---------- Collected data

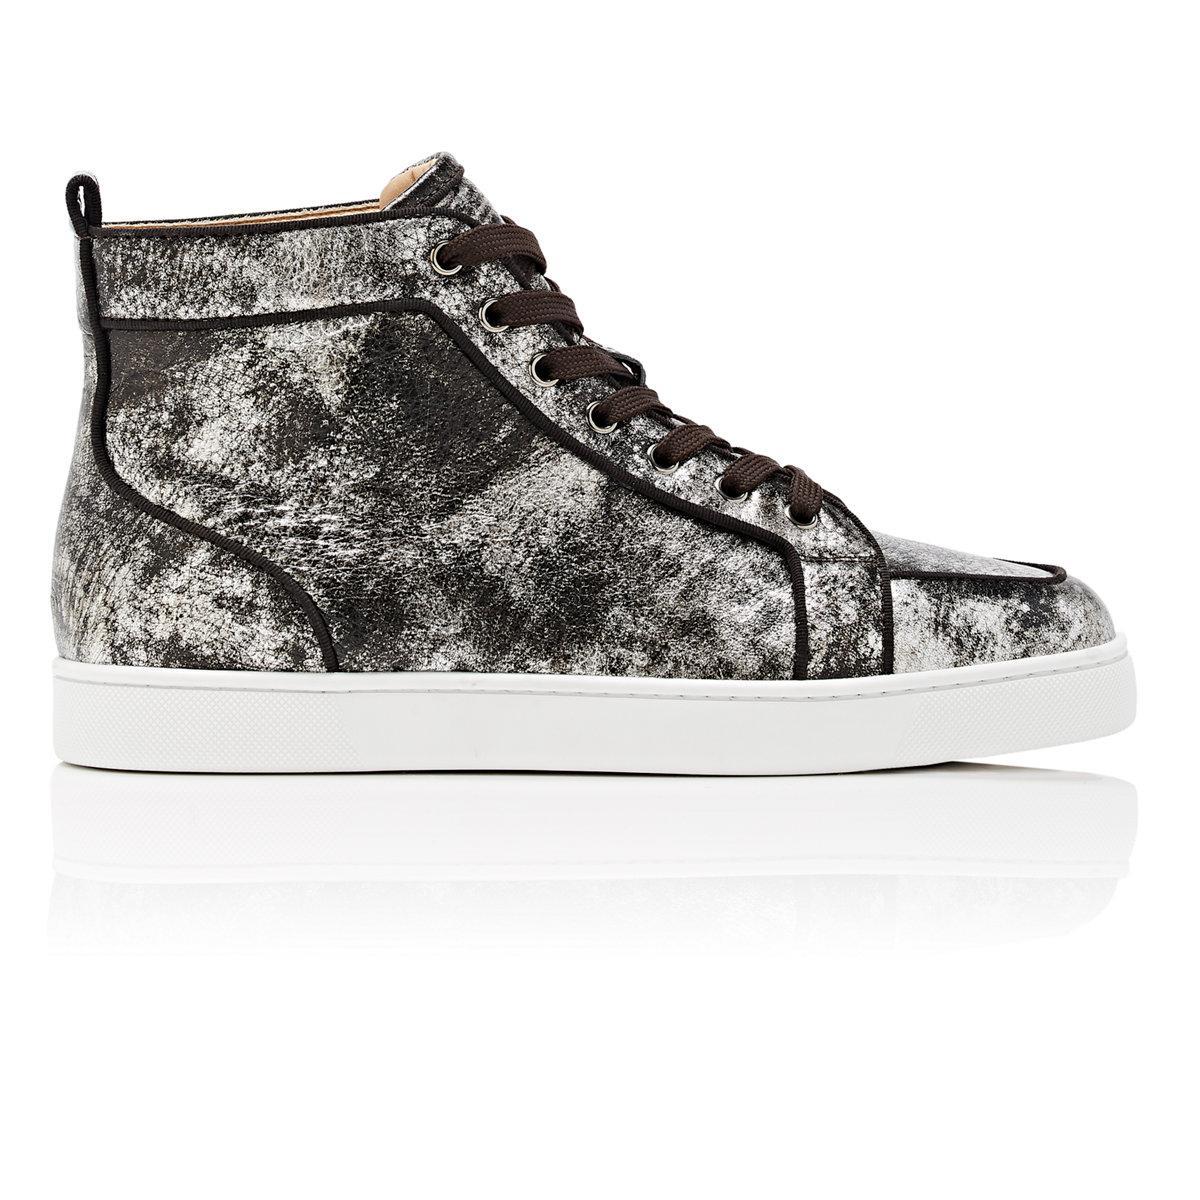 911ae1eb5d57 ... clearance christian louboutin. womens metallic rantus orlato flat  leather sneakers a3678 886fd
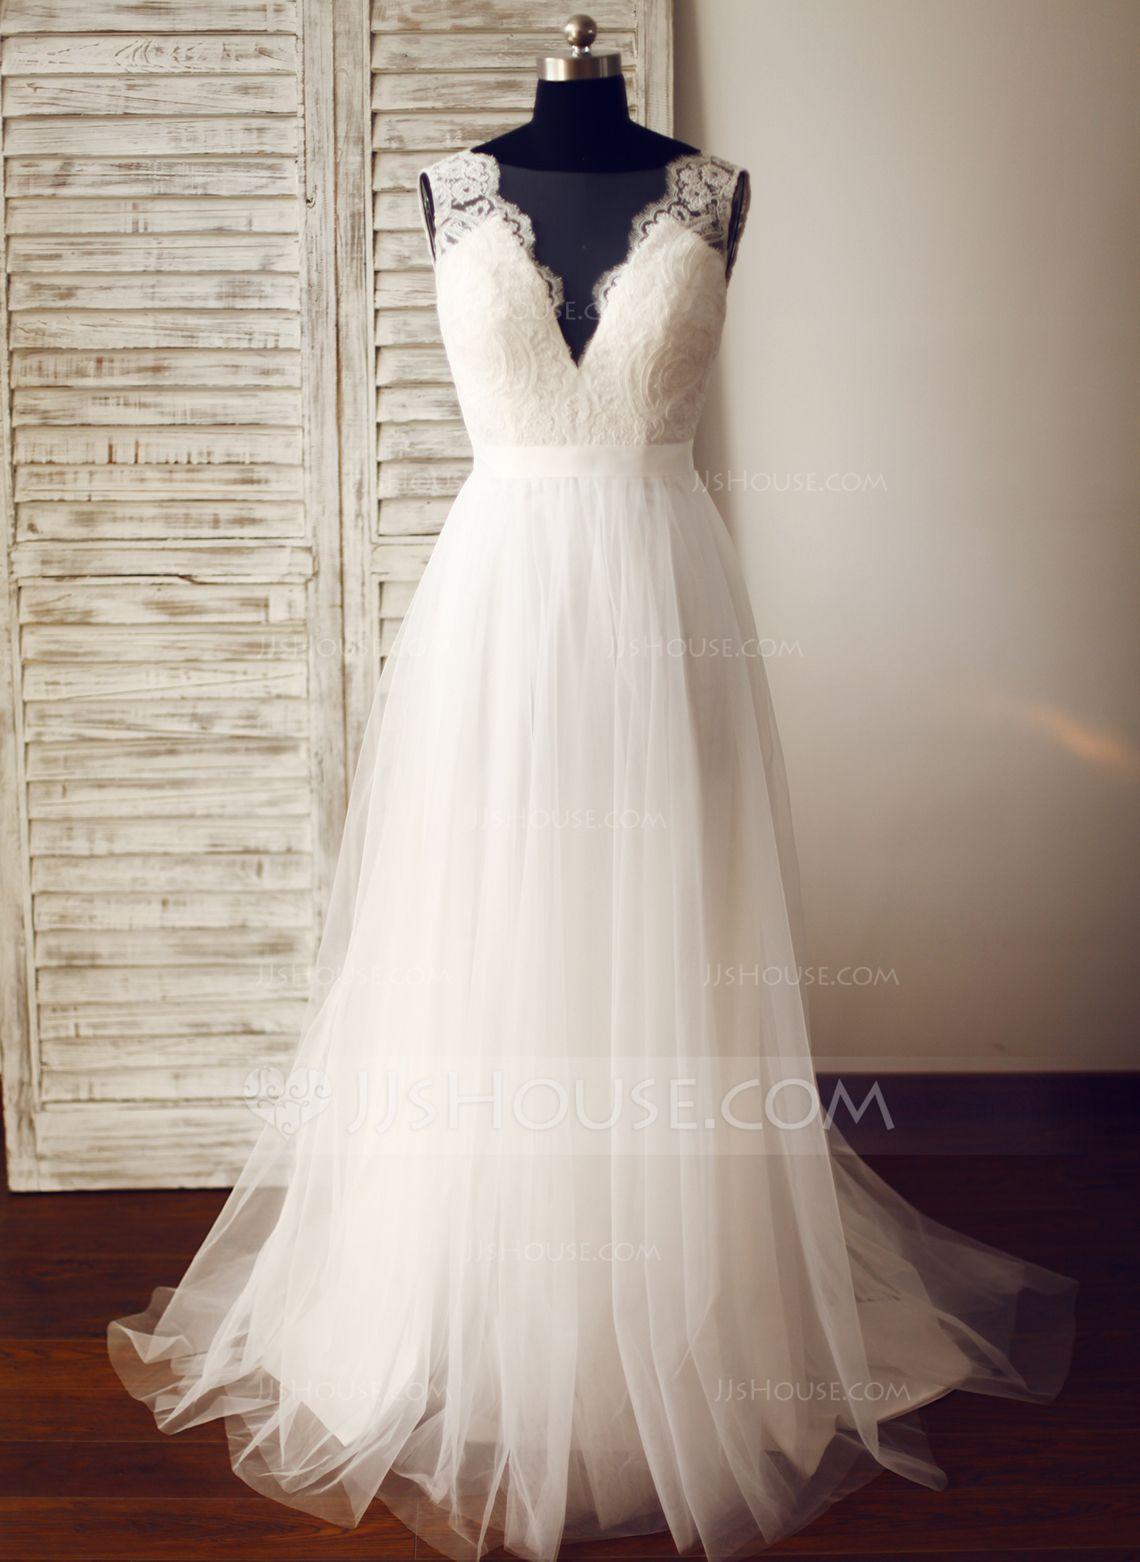 190 00 A Line Princess V Neck Sweep Train Tulle Wedding Dress Jj S House Wedding Dresses Sweep Train Wedding Dress Tulle Wedding Dress [ 1562 x 1140 Pixel ]
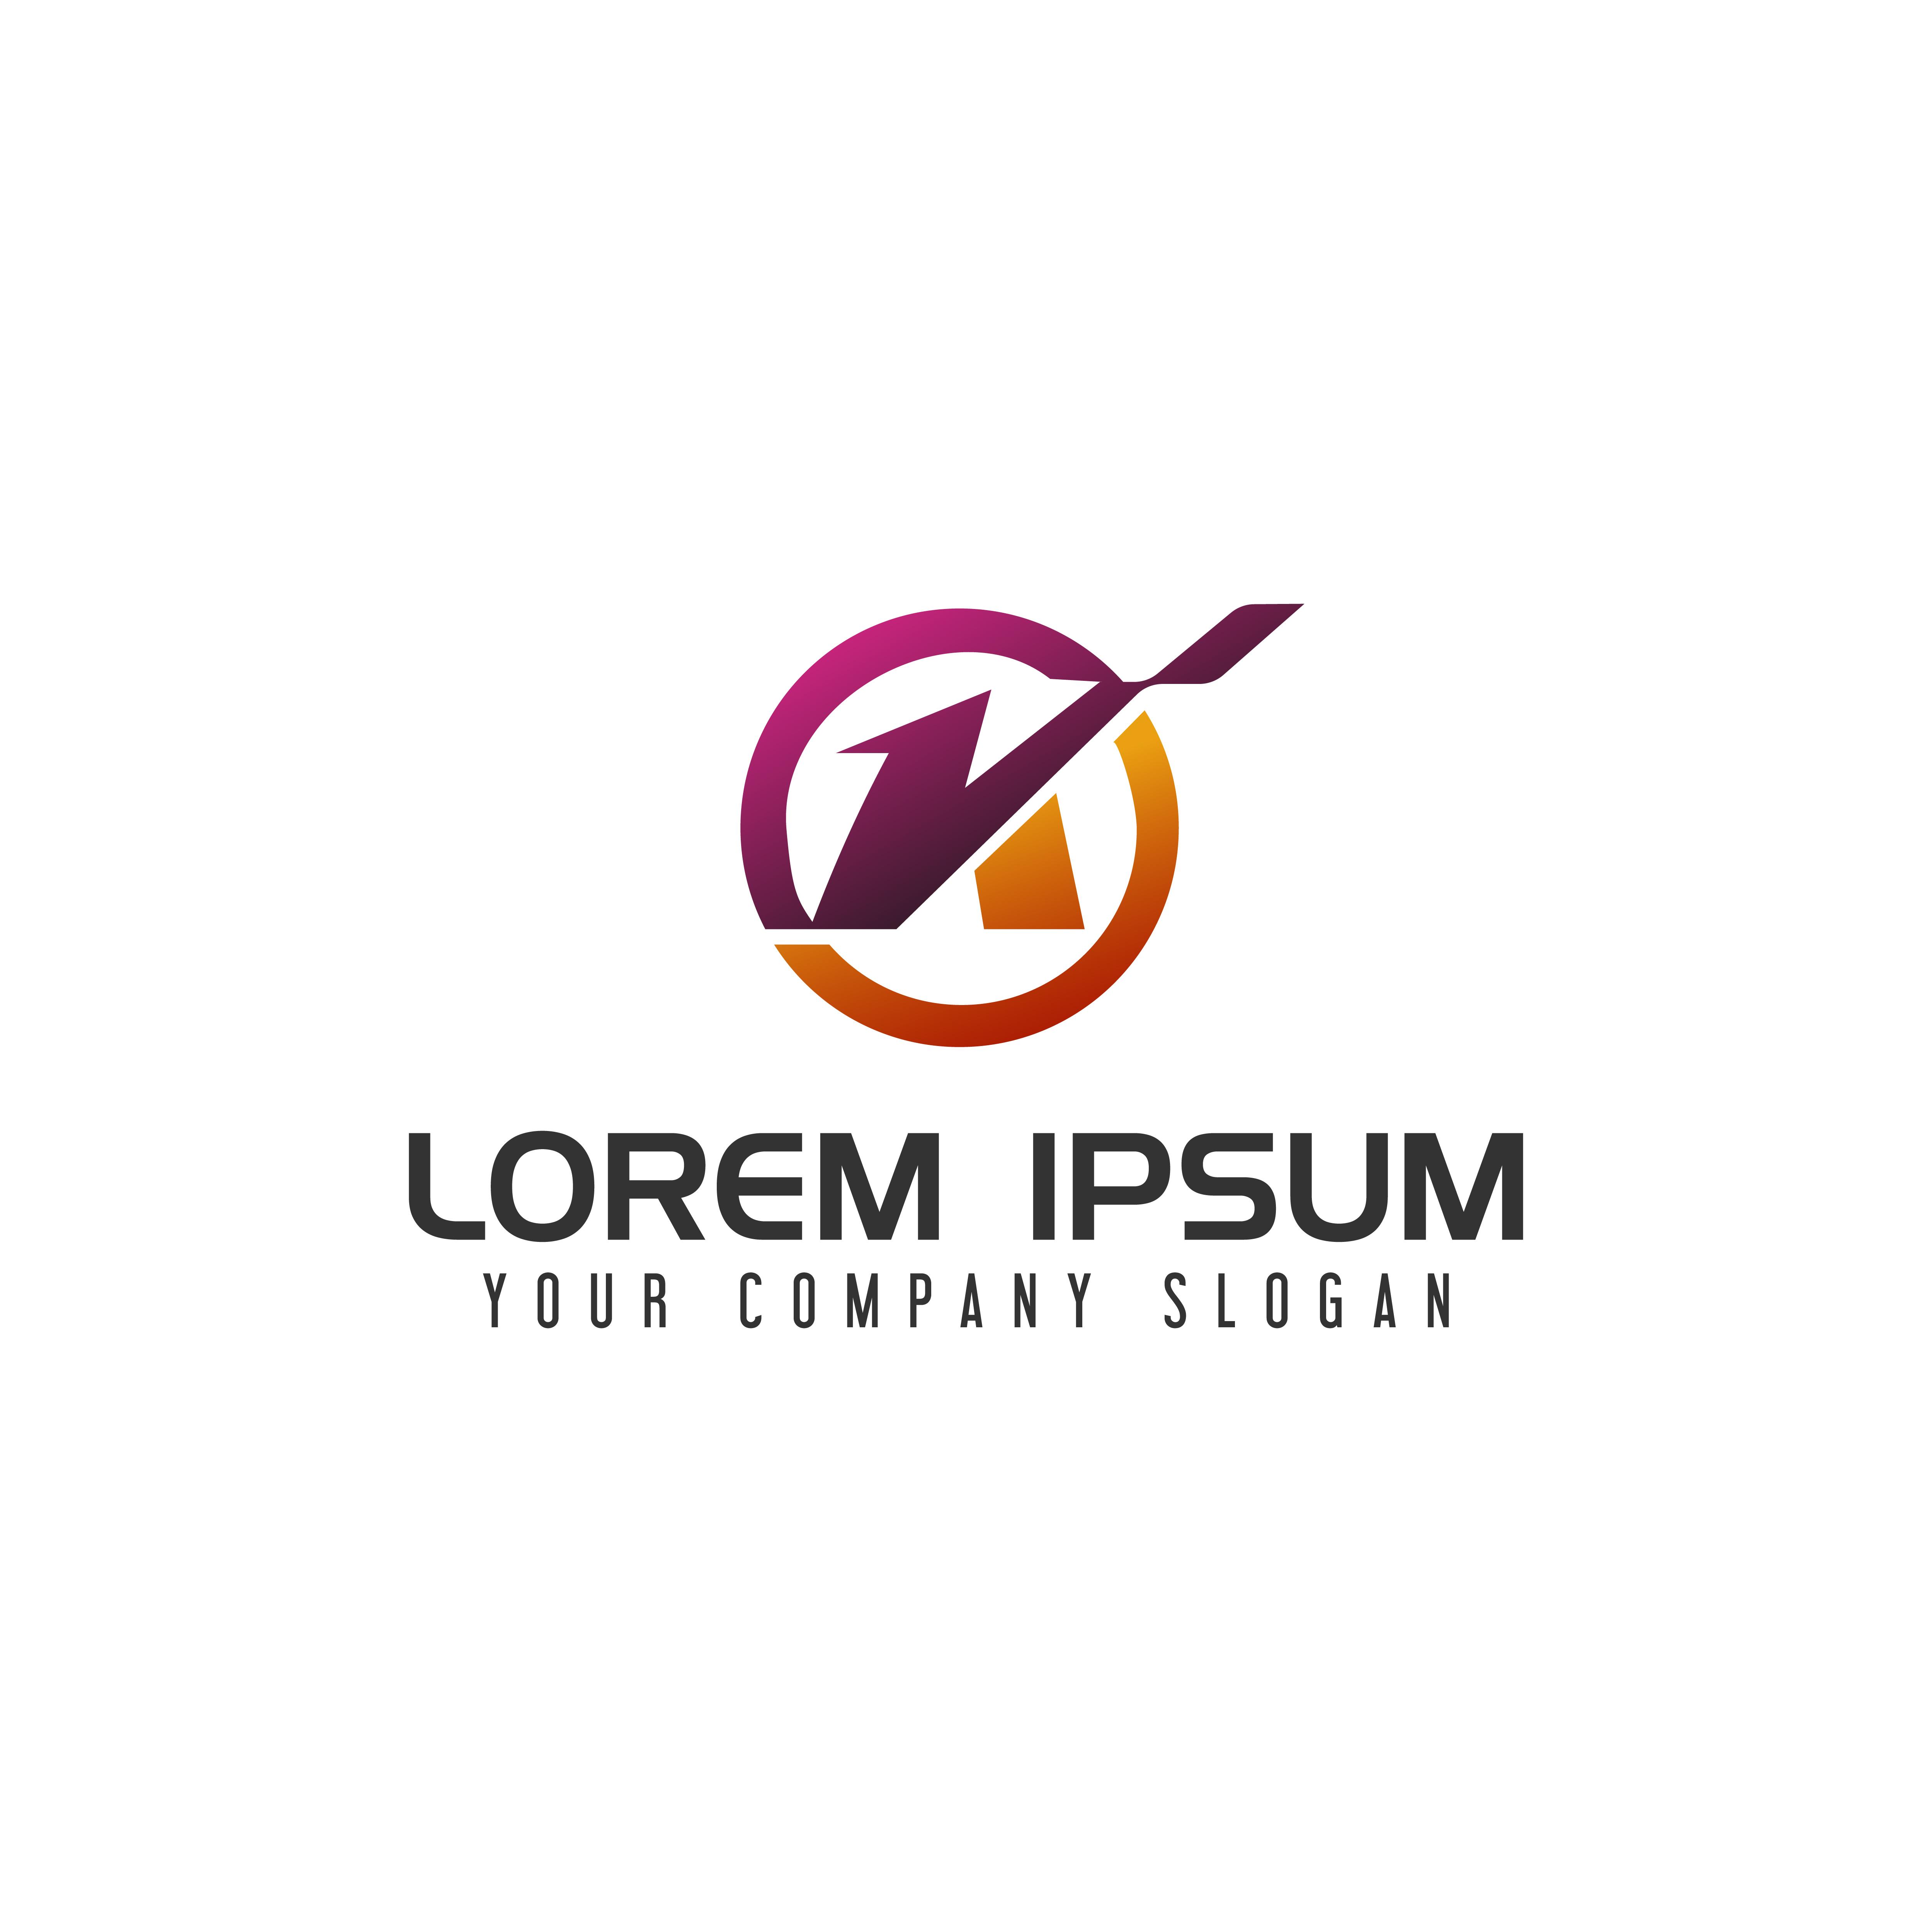 Modern Letter K Logo Concept:  Letter K Logo Design Concept Template 606616

--------------------

**Task instructions**
Copy out the material word for word, without any images.

**Written answer**
 911ae1eb5d57 ... clearance christian louboutin. womens metallic rantus orlato flat  leather sneakers a3678 886fd
 190 00 A Line Princess V Neck Sweep Train Tulle Wedding Dress Jj S House Wedding Dresses Sweep Train Wedding Dress Tulle Wedding Dress [ 1562 x 1140 Pixel ]
 Modern Letter K Logo Concept:  Letter K Logo Design Concept Template 606616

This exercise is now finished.